Читаем Сладостно и почетно полностью

— Экселенц, — сказал он, — вы поручали мне подобрать кандидатуру для Цюриха, так вот…

— Для Цюриха? А, да. Помню, помню, как же. Вы хотите сказать, что уже нашли?

— Думаю, что да. Вы, вероятно, помните — год назад Остер просил отозвать с Восточного фронта одного ученого…

— Совершенно верно — доктора Дорнбергера! — Канарис любил иногда щегольнуть памятью. — Запомнилось по ассоциации: однофамилец того шарлатана в Пенемюнде. Но, простите меня, Вилли, кандидатура не из удачных: этот Дорнбергер имел какое-то отношение к урану.

— Вы мне не дали договорить.

— Да, да, прошу прощения. Пожалуйста, продолжайте, я вас слушаю!

— Так вот: Дорнбергер связан с одним довольно известным дрезденским искусствоведом. Нет, это не та известность, которая могла бы нам повредить. Может быть, вы даже слышали — Иоахим фон Штольниц, список трудов я достал. До тридцать шестого года занимался преподавательской работой в Дрездене и Лейпциге, потом был уволен…

— Не по расовым соображениям?

— Помилуйте, его фамилия фон Штольниц!

— А, черт их там знает, Гейдриха ведь тоже звали не Гольденбойм.

— Нет, нет, это действительно саксонский род, не из старых, но в этом смысле вполне чистый. Профессора выгнали из Дрезденской художественной академии за то, что он говорил студентам об итальянских истоках немецкого Ренессанса. Перешел читать в Лейпциг, но и там долго не удержался.

— Ну, понятно. Неосторожный человек — ему надо было говорить, что Джотто учился у Дюрера. Вы сказали — список трудов; его продолжают печатать?

— В том-то и дело, что нет. Последние публикации относятся примерно к тем же годам — тридцать шестому, тридцать седьмому. Кое-что, правда, выходило потом за границей, но мало: Штольниц вел переговоры с некоторыми издателями по поводу своей новой работы о Кранахе, но безуспешно. Вся беда в том, что Руст еще до войны упомянул его в одной из своих речей — назвал «культурбольшевиком». Такие вещи запоминаются.

— Еще бы! Так вы думаете…

— Да, он подходит по ряду признаков: малоизвестен — в том смысле, что не представляет интереса для СД, — несомненный противник режима, имеет повод просить визу в Швейцарию…

— Цель?

— Да хотя бы знакомство с коллекциями — музейными, частными, мало ли их там.
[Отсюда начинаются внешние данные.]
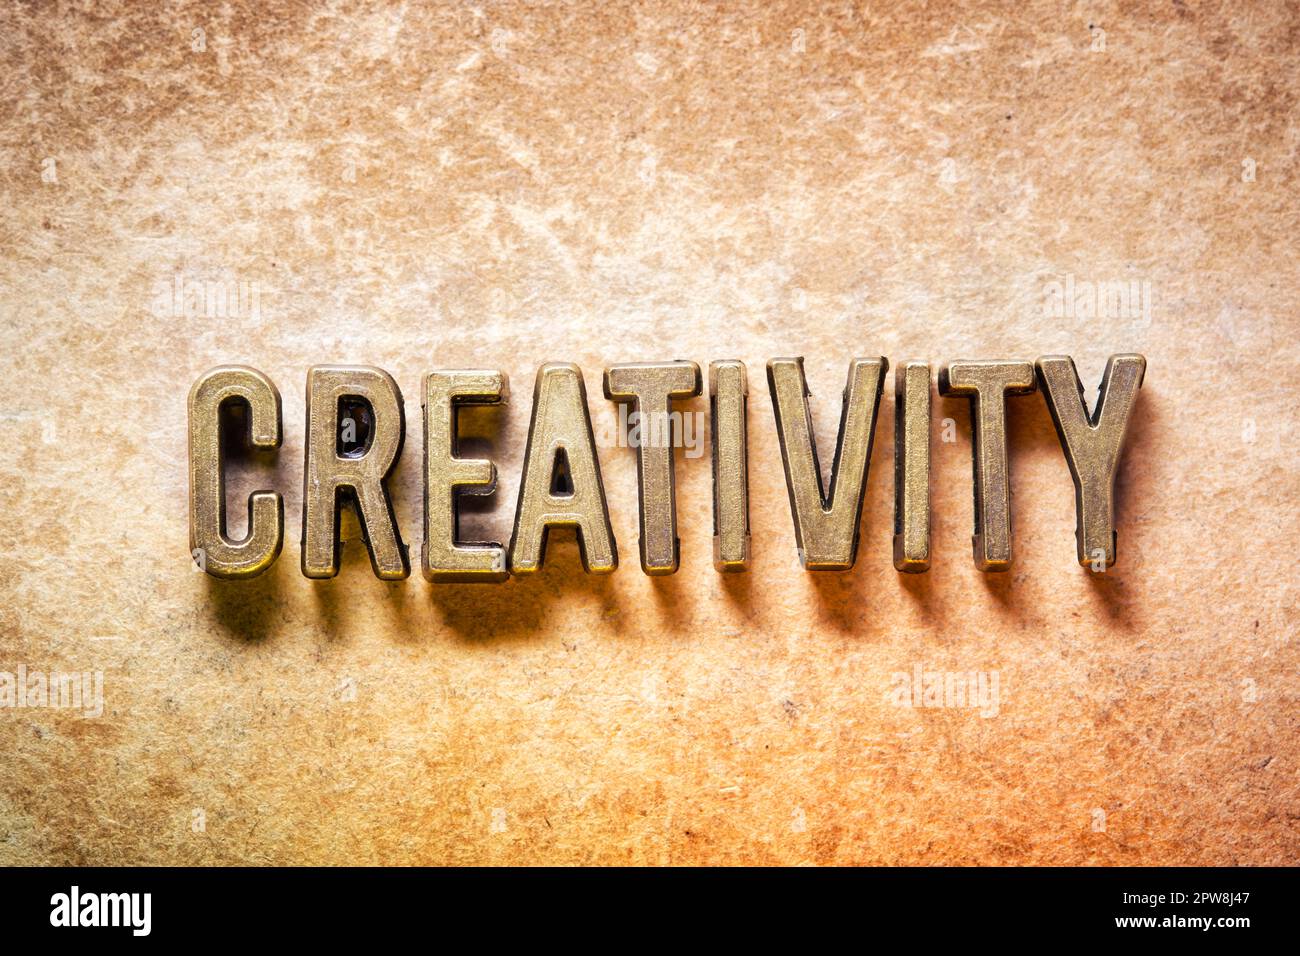 creativity word made from metallic letters on grunge background Stock Photo

— Логично, — согласился Канарис. — Но ваш профессор политически не скомпрометирован?

— Во всяком случае, у нас это не отражено.

— Никаких подписей, участия в протестах, встреч с иностранными журналистами?

— Насколько известно, никаких.

— Это хорошо… — Канарис побарабанил пальцами по столу, подвигал бумаги. — Но, с другой стороны, что; если он просто трус, вся его «оппозиционность» объясняется личной обидой и не идет дальше брюзжания по гостиным? Скажем, не отняли бы у него кафедру, продолжали бы печатать…

— Трудно сказать. Люди, знающие профессора, отзывались о нем как о человеке в высшей степени принципиальном.

— Насколько близок к нему этот Дорнбергер?

— Штольниц был на фронте с его отцом, тот погиб на Марне, и он принимал участие в судьбе мальчика.

— Усыновил, что ли?

— Не совсем, просто помогал им с матерью, оплачивал учебу…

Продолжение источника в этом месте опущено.